AdAUC: End-to-end Adversarial AUC Optimization Against Long-tail Problems

TL;DR

This paper introduces AdAUC, an end-to-end adversarial training method that optimizes AUC for long-tail datasets, addressing class imbalance and coupling issues with a saddle point reformulation and convergence guarantees.

Contribution

It proposes a novel adversarial AUC optimization framework for long-tail data, reformulating the problem as a saddle point and providing an end-to-end training algorithm with convergence analysis.

Findings

Improves AUC performance on long-tail datasets

Enhances robustness against adversarial examples in imbalanced settings

Demonstrates effectiveness through extensive experiments

Abstract

It is well-known that deep learning models are vulnerable to adversarial examples.

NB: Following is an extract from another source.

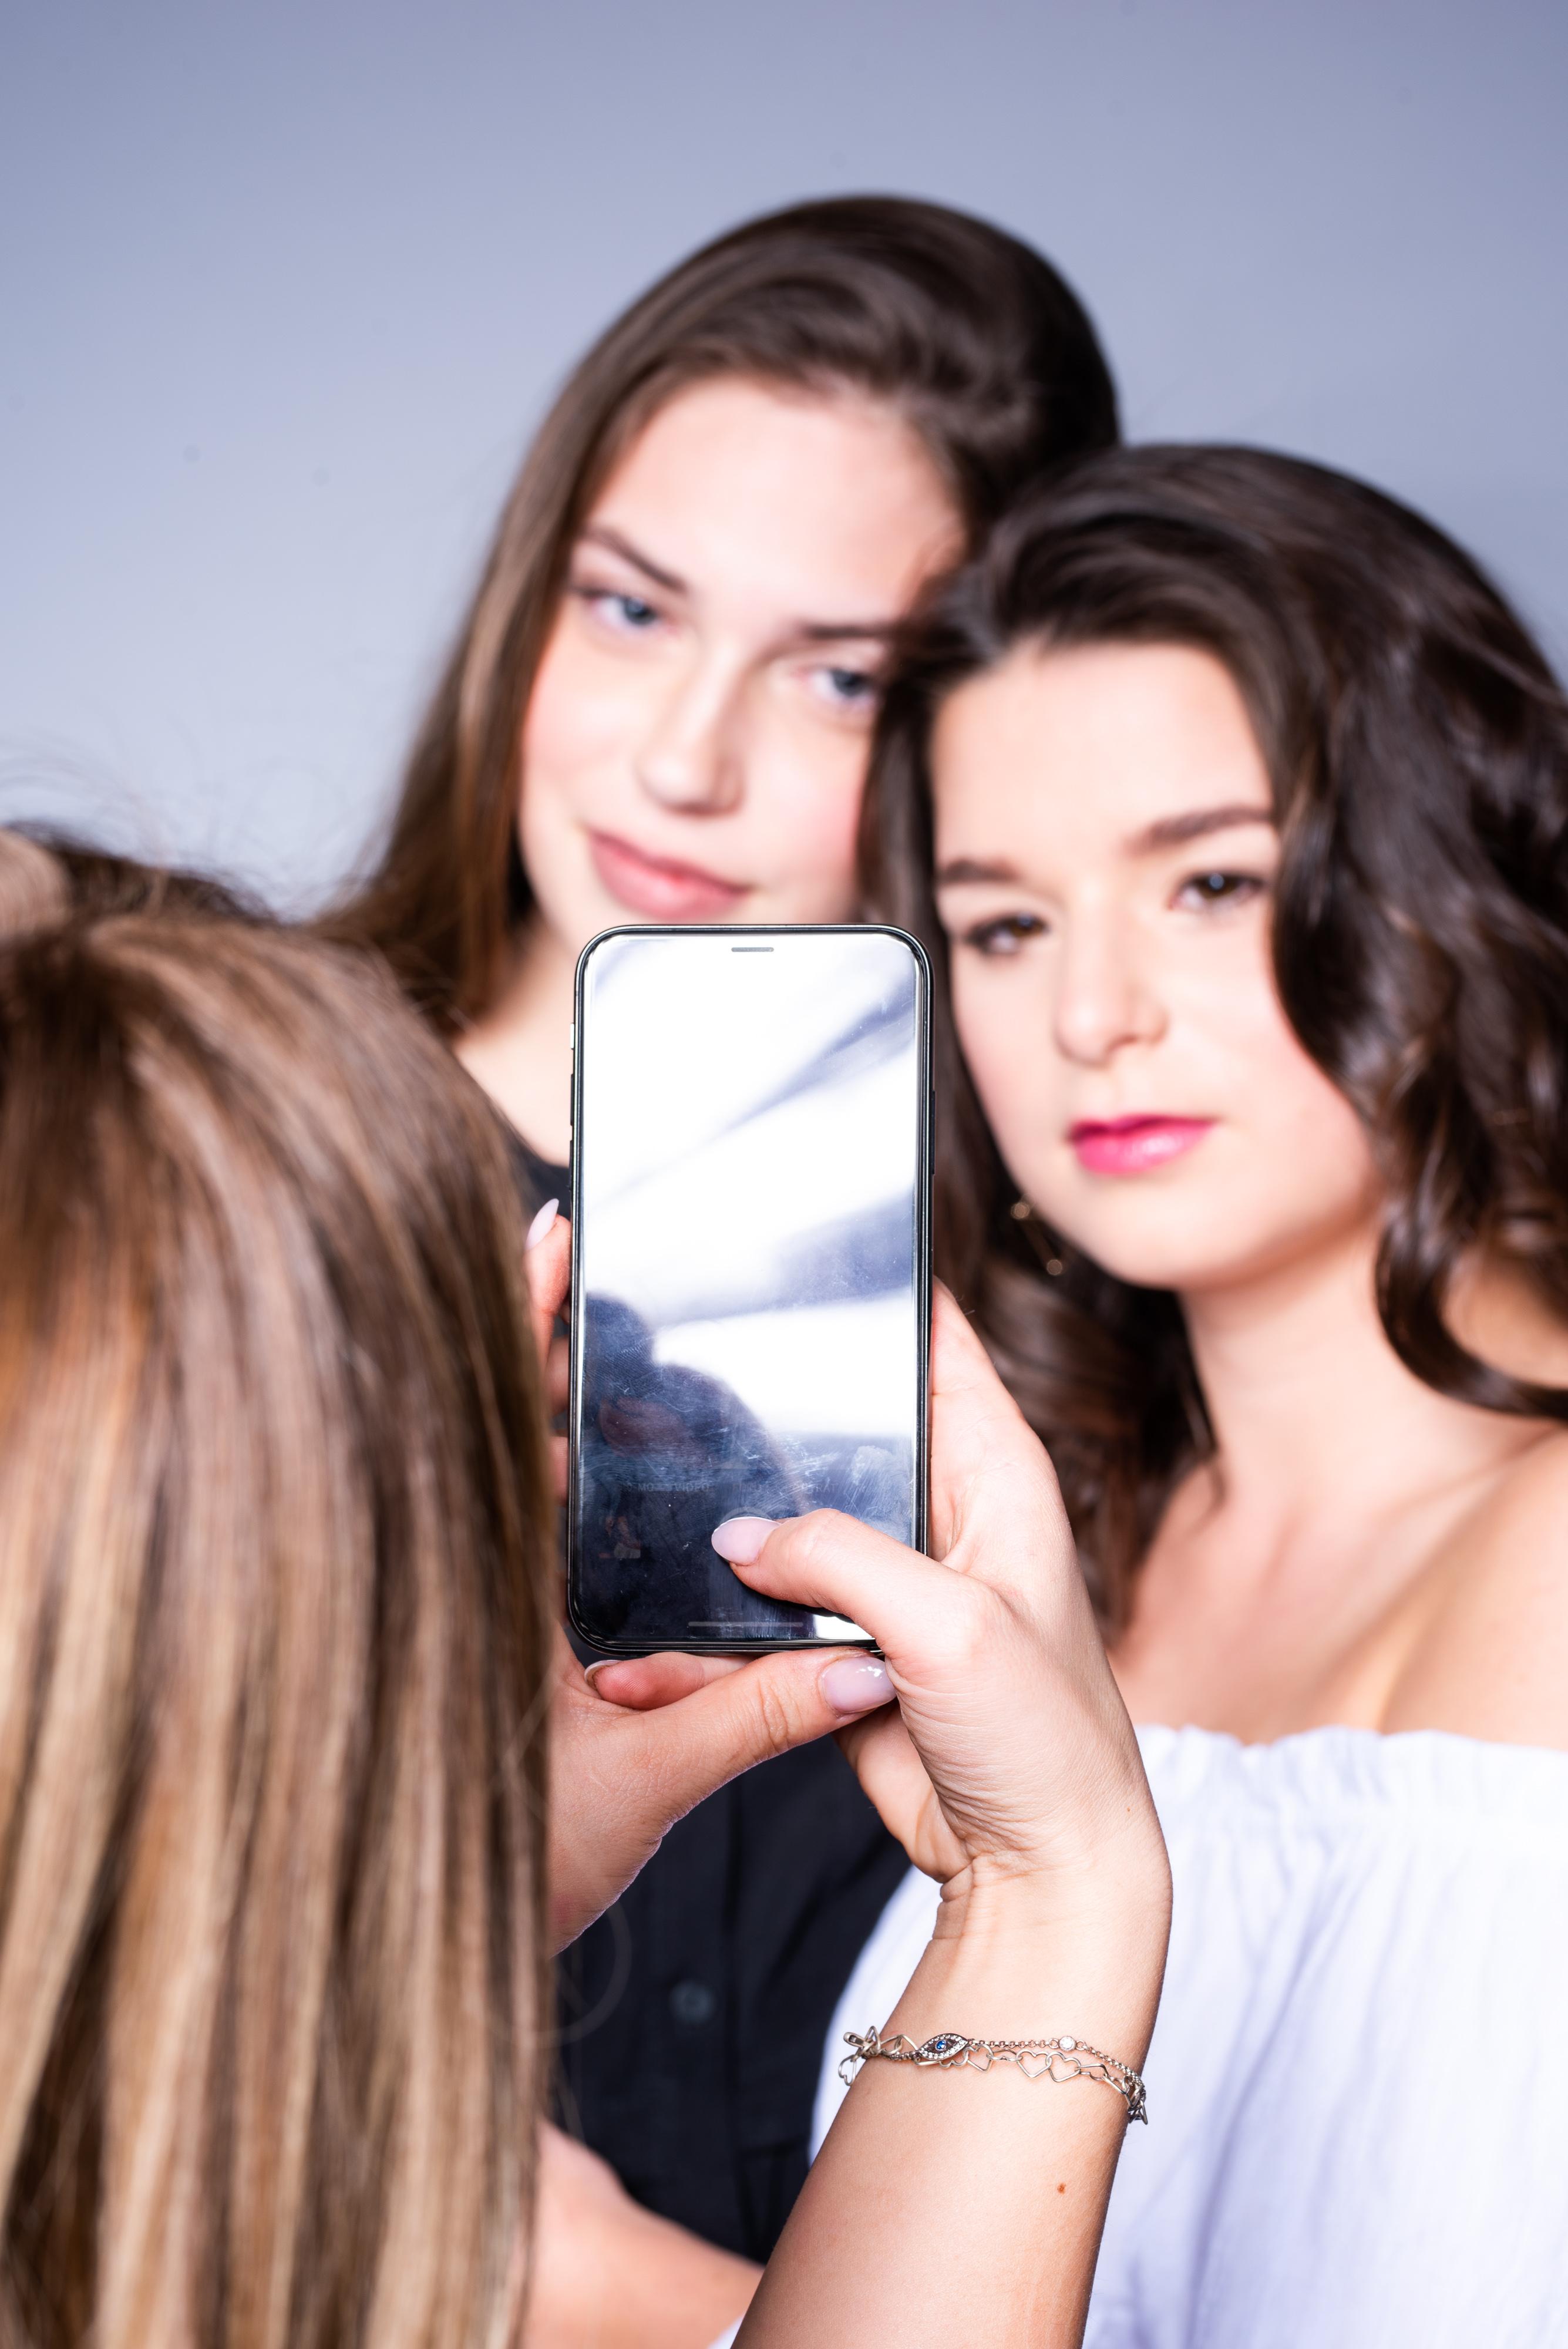 Networking Deluxe by Mediadeluxe! Die Fashiondeluxxe Style Party - Edition: Business bot den Business Women in München eine stilvolle Plattform für's Netzwerken - Shooting

Existing studies of adversarial training have made great progress against this challenge. As a typical trait, they often assume that the class distribution is overall balanced. However, long-tail datasets are ubiquitous in a wide spectrum of applications, where the amount of head class instances is larger than the tail classes. Under such a scenario, AUC is a much more reasonable metric than accuracy since it is insensitive toward class distribution. Motivated by this, we present an early trial to explore adversarial training methods to optimize AUC. The main challenge lies in that the positive and negative examples are tightly coupled in the objective function. As a direct result, one cannot generate adversarial examples without a full scan of the dataset. To address this issue, based on a concavity regularization scheme, we reformulate the AUC optimization problem as a saddle point problem, where the objective becomes an instance-wise function. This leads to an end-to-end training protocol. Furthermore, we provide a convergence guarantee of the proposed algorithm. Our analysis differs from the existing studies since the algorithm is asked to generate adversarial examples by calculating the gradient of a min-max problem. Finally, the extensive experimental results show the performance and robustness of our algorithm in three long-tail datasets.